> **Stored data**:
"""

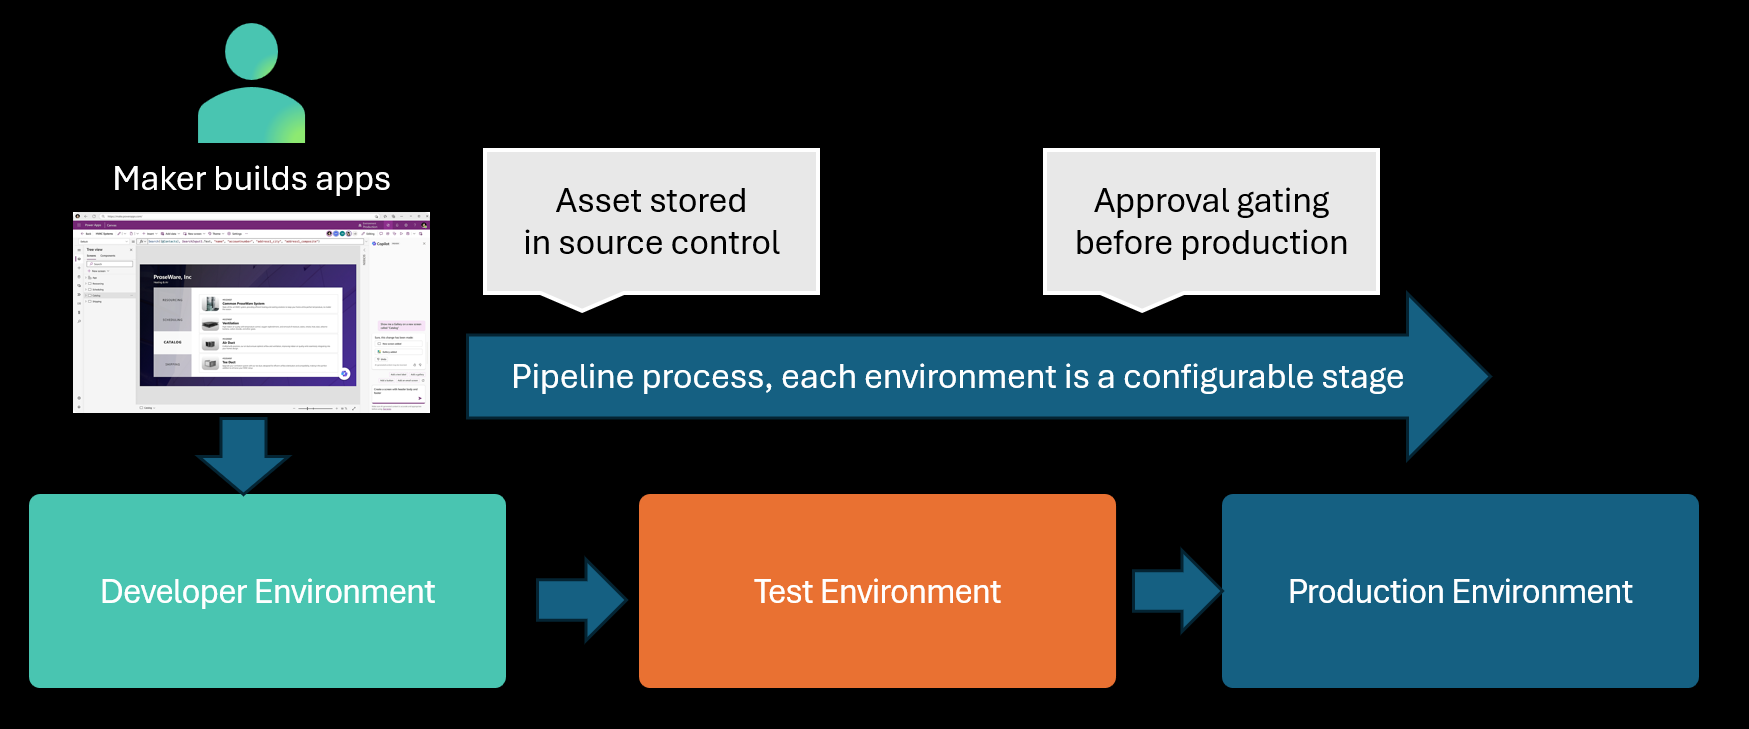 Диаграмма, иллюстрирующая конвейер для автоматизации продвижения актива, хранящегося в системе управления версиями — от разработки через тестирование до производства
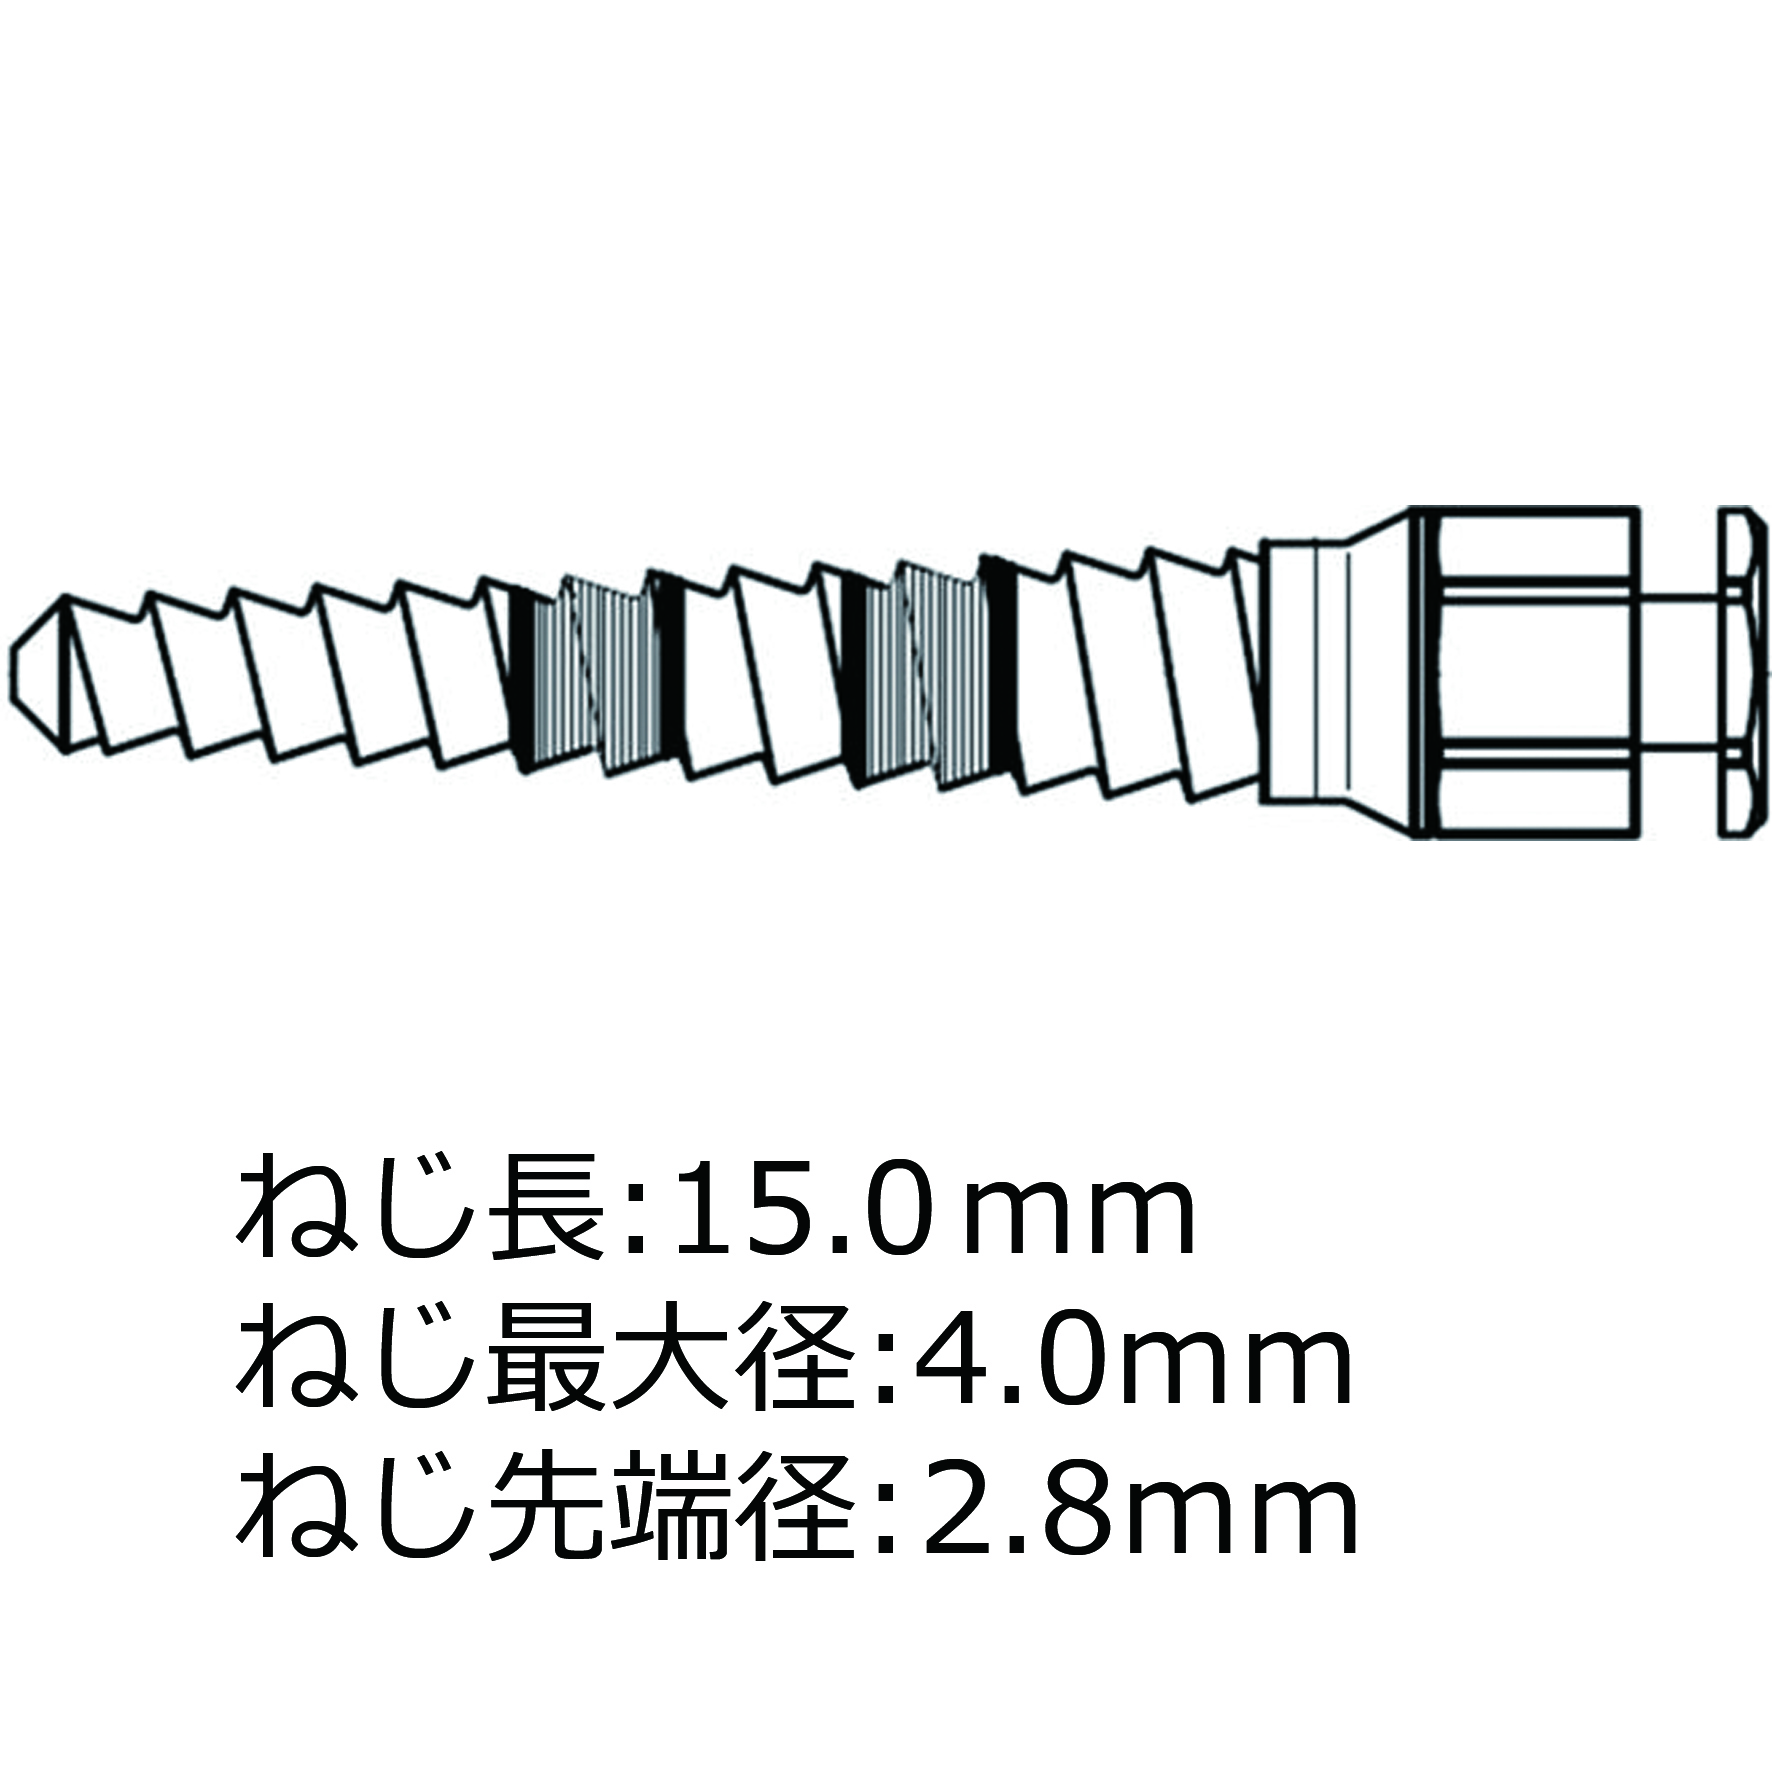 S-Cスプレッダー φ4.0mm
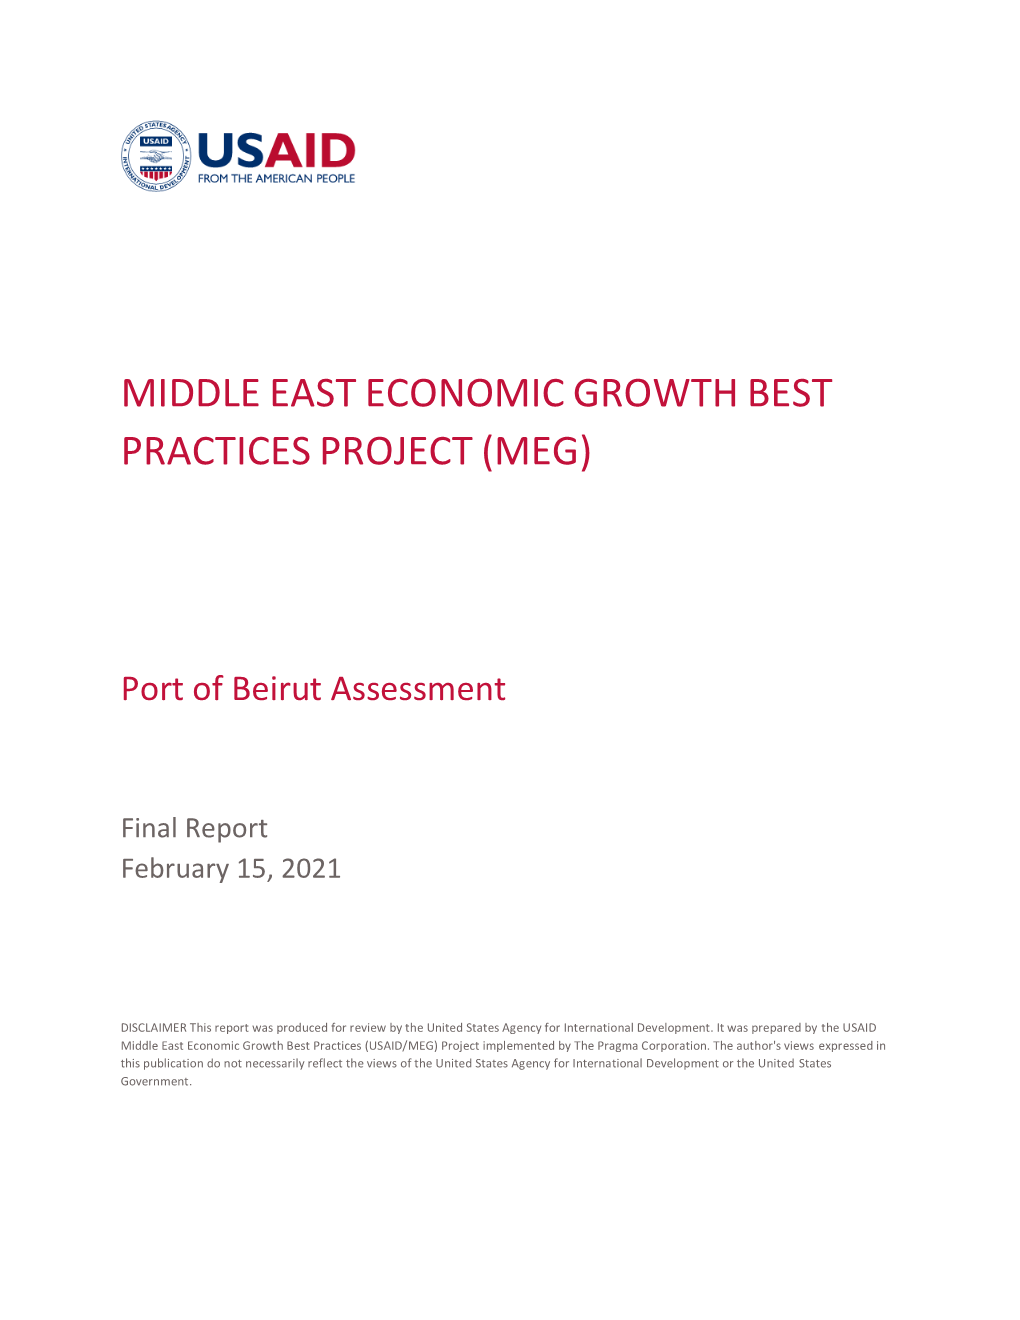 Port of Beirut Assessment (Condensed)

"""

> **Directions**:
Copy the listing exactly, omitting pictures.

> **Answer space**:
 Диаграмма, иллюстрирующая конвейер для автоматизации продвижения актива, хранящегося в системе управления версиями — от разработки через тестирование до производства
 S-Cスプレッダー φ4.0mm
 Port of Beirut Assessment (Condensed)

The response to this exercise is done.